A confession 

Appreciation 

A few months back, my eight year old boy did his school project on ‘Helping Hands‘. He was so thrilled with the concept that everyday, he started telling me ‘new’ areas in which he could be a helping hand to others, of course in his own little way. I was feeling proud that my little boy is having learning of his life and he is loving and enjoying it until that night, when he whispered, “mamma, you are very kind. You are a great help”. He slept then. 

I could barely sleep that night. What have I done in my life? Did my child make a sarcastic remark on me? Had I helped anyone? I could not remember a single instance. I had always been engrossed in my work. So selfish. Except for doing some household work, MY household work, I had never thought of being a help to anyone. I had done nothing for a social cause. No NGOs. Never adopted any pet. People are doing so much for girl education, old people, health, environment, there’s so much to do in this world.
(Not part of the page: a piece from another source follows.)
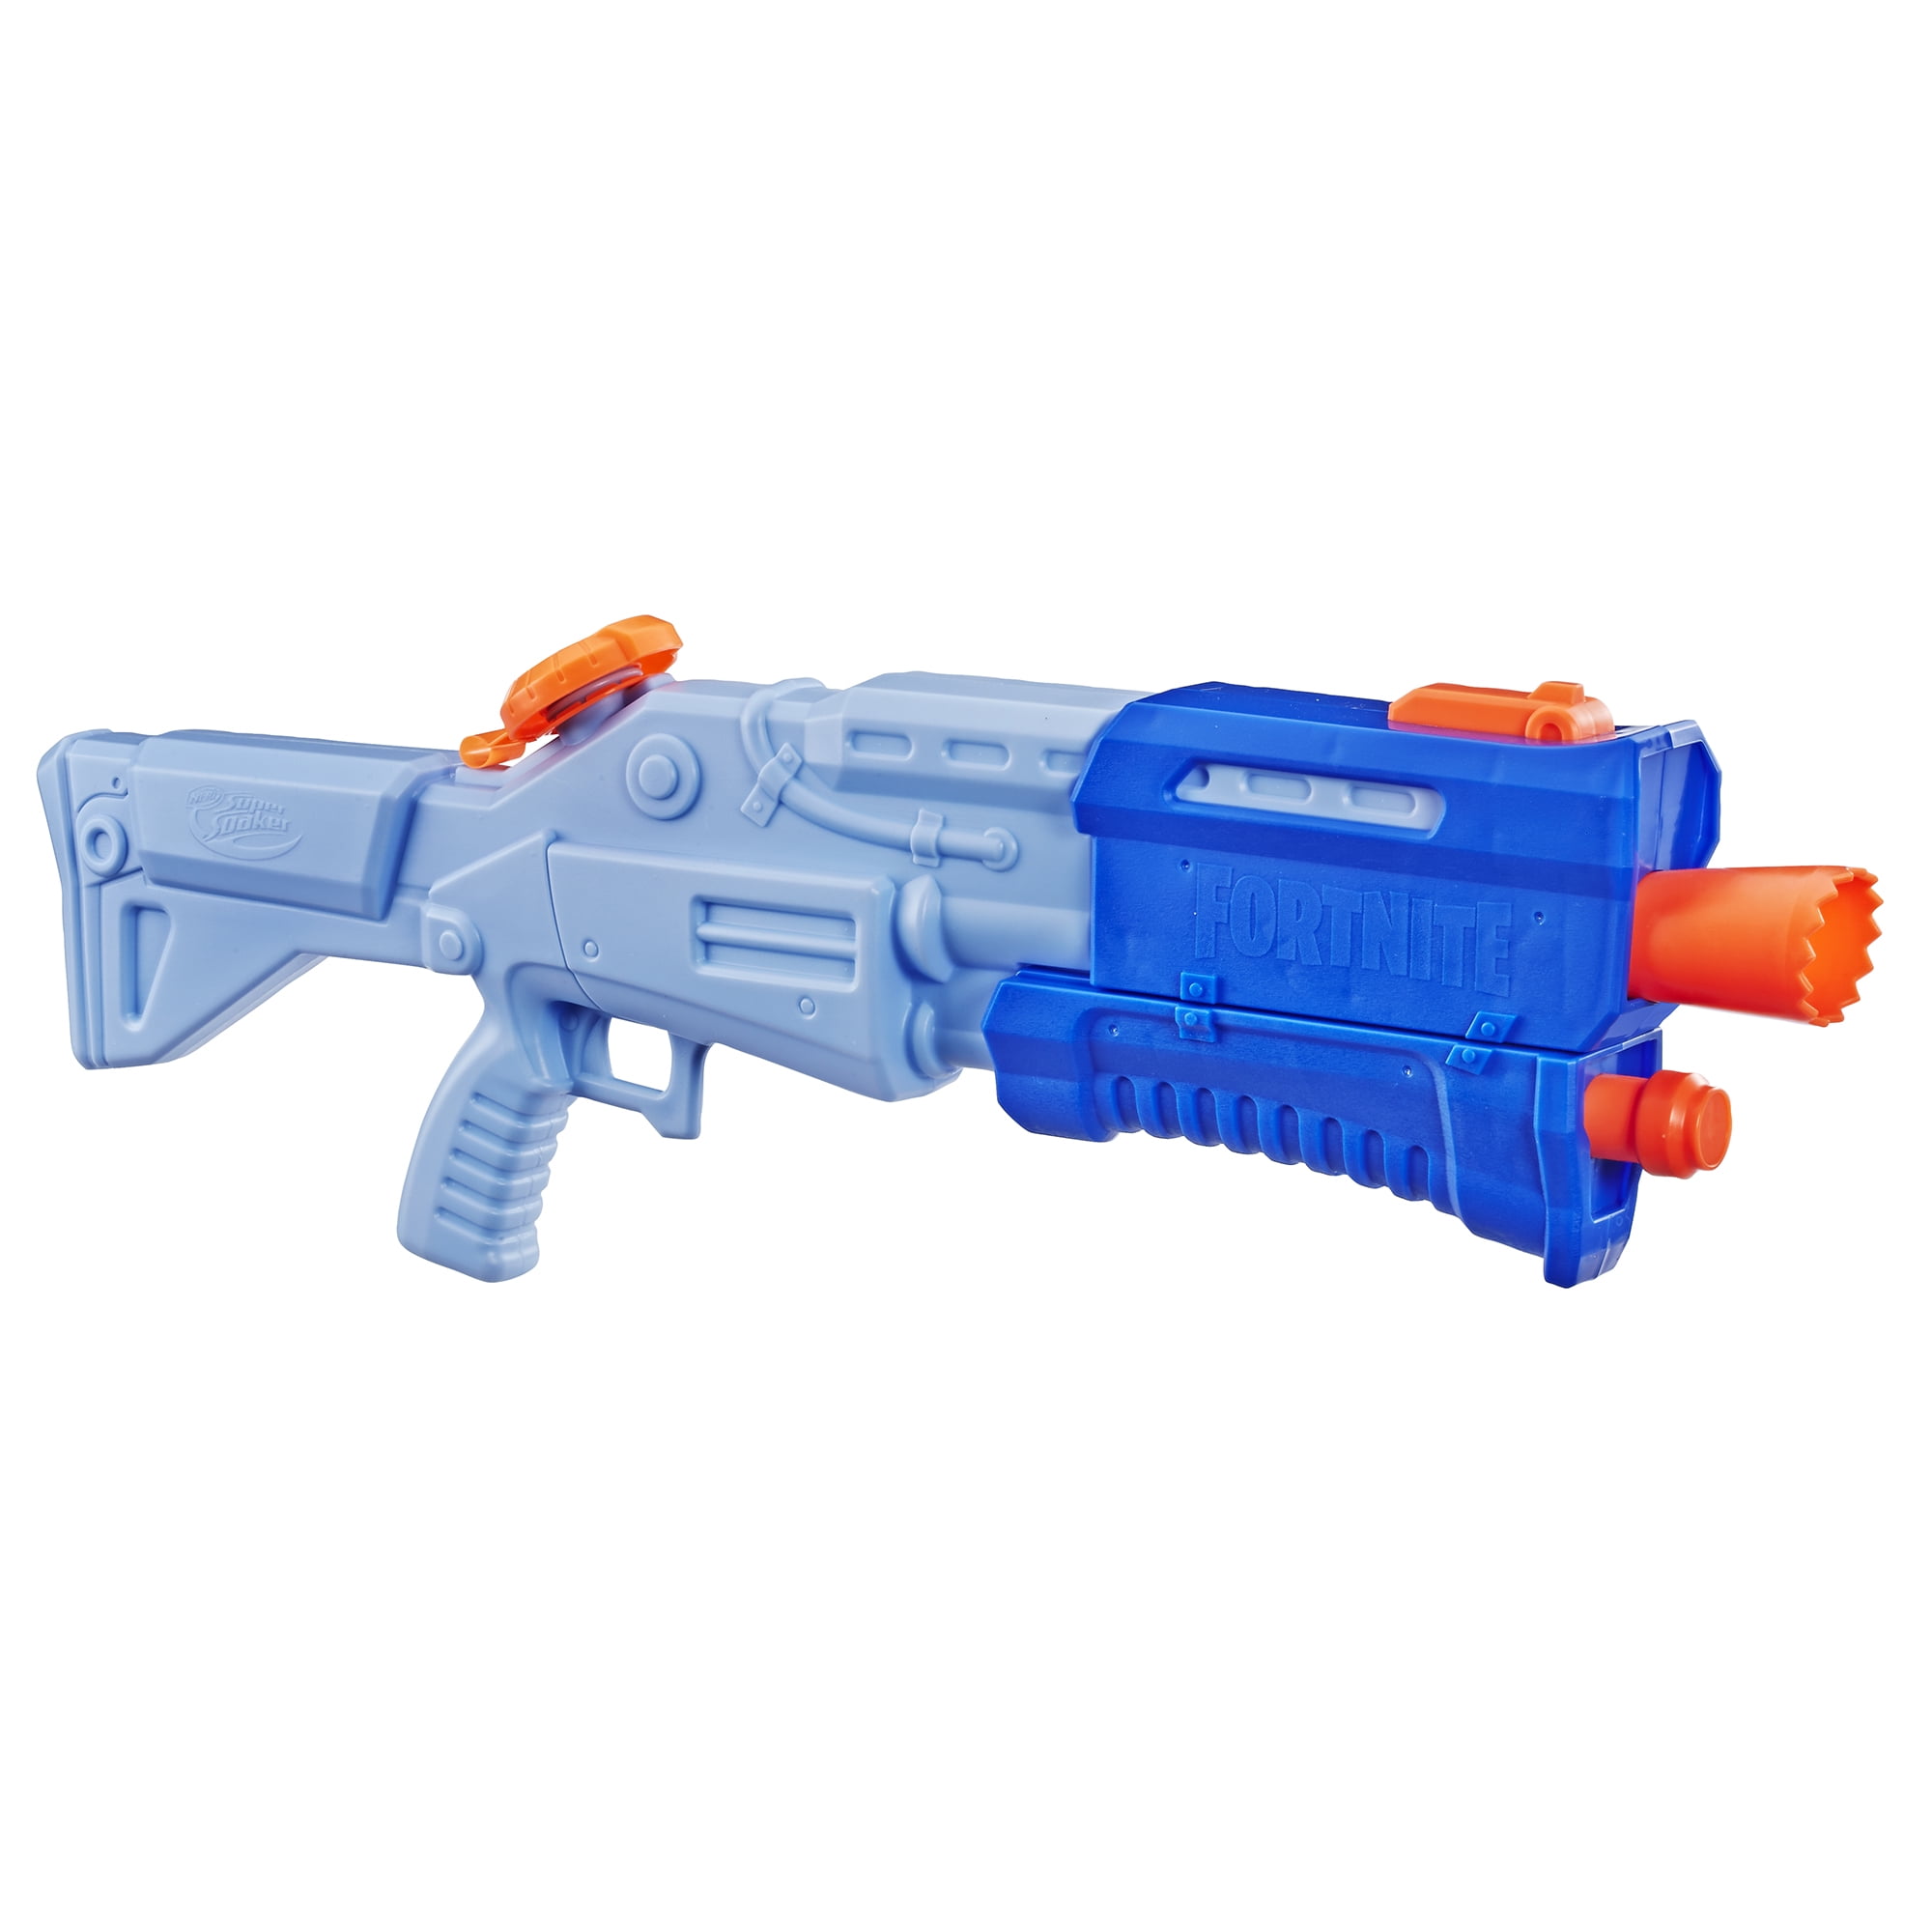 NERF Fortnite Hc-e Super Soaker Toy Water Blaster D14 for sale online

What I had done so far? Nothing. Oh, really, nothing, nothing for the society. My child had shook my conscience. I was feeling like a culprit. Actually, it must have been always there somewhere inside me. But I had been ignoring it. And now my child’s statement churned my thoughts and the guilt came out. 

With heavy heart and mild headache,I started MY work, the usual morning chores, the next day. I prepared breakfast. Kids woke up at usual time. I was standing with a glass of milk beside their bed, it was MY usual work, as they have a habit of drinking milk, the first thing in the morning. That morning, I was feeling ashamed of not doing even my usual work properly. I should have inculcated the habit of drinking water as the first thing in the morning, but I could not even do this simple task, how can I be of any help to the society? 
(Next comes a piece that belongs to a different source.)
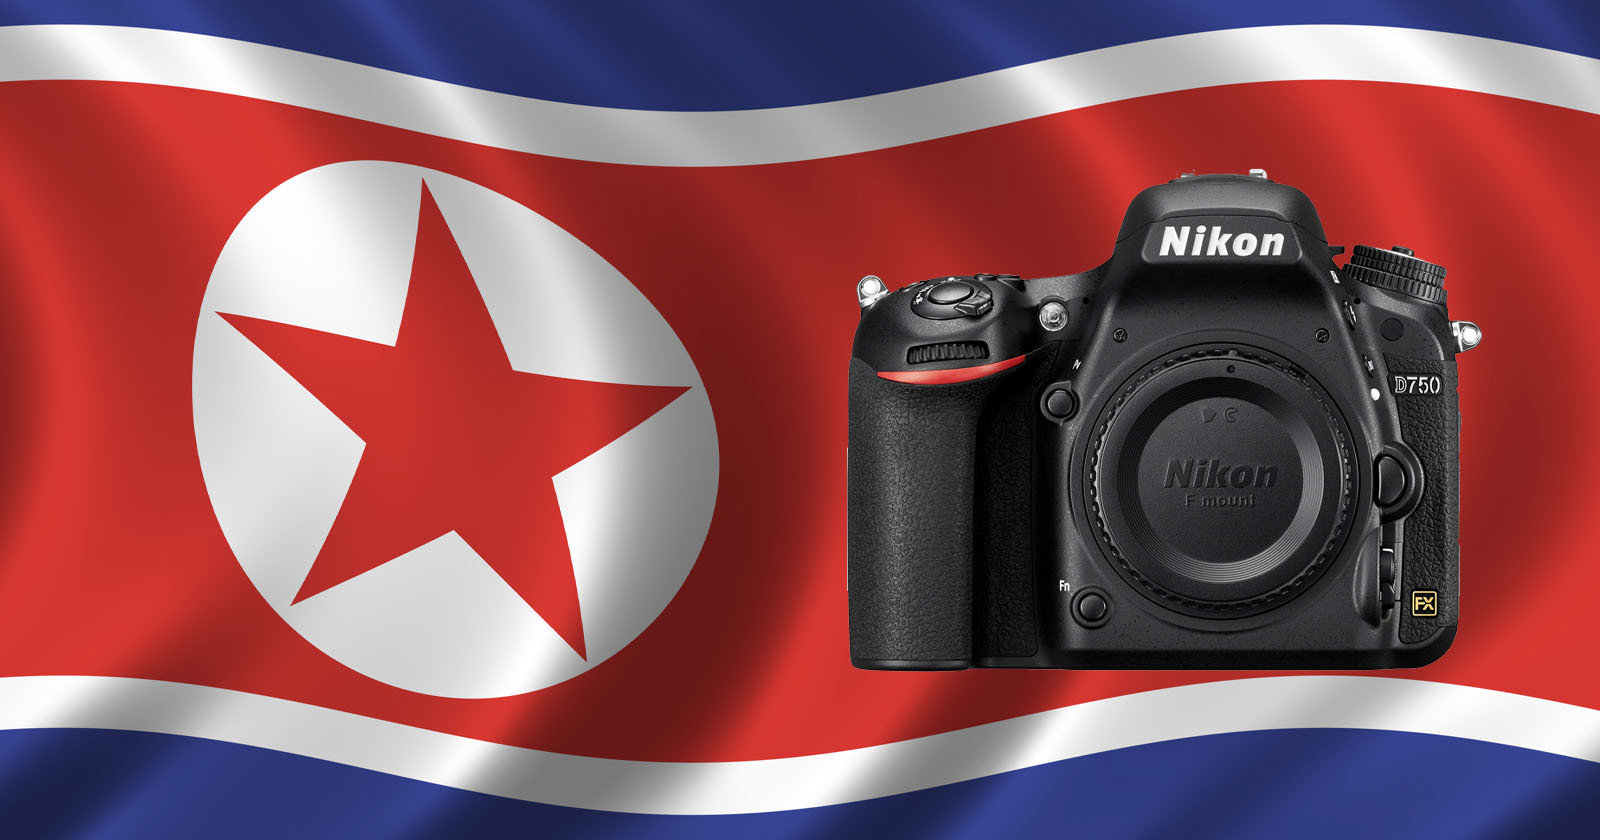  north korea propaganda photographers rely nikon d750

My child, at first did not notice anything unusual, I thought so. But, after getting ready for the school, at the breakfast table he enquired about my dull mood. I tried to give arbitrary answer that he did not understand. He just said, “Mamma.Visit a doctor if you are not feeling well. I need your help in all my things. Otherwise, I would not be able to do this week’s Helping Hand work in my school’s cleanliness drive”.  THAT felt nice. 

Actually, now I think that I was looking for some kind of appreciation for what I’m doing. We all want acceptance, or better, appreciation. Everyone looks for it.  Humility and modesty is okay but still, we always love to be appreciated. That gives us a sense of being important even if it’s for one person or for one cause. This would, in turn boosts our morale and we continue to be a good human being. If appreciation would not be required, there would be no awards, trophies or any other kind of recognition given to anyone. 

I got appreciation from my little one. But still, helping society in some way is there in my mind and if given right opportunity at right time I would love to work for some good cause. We all, should.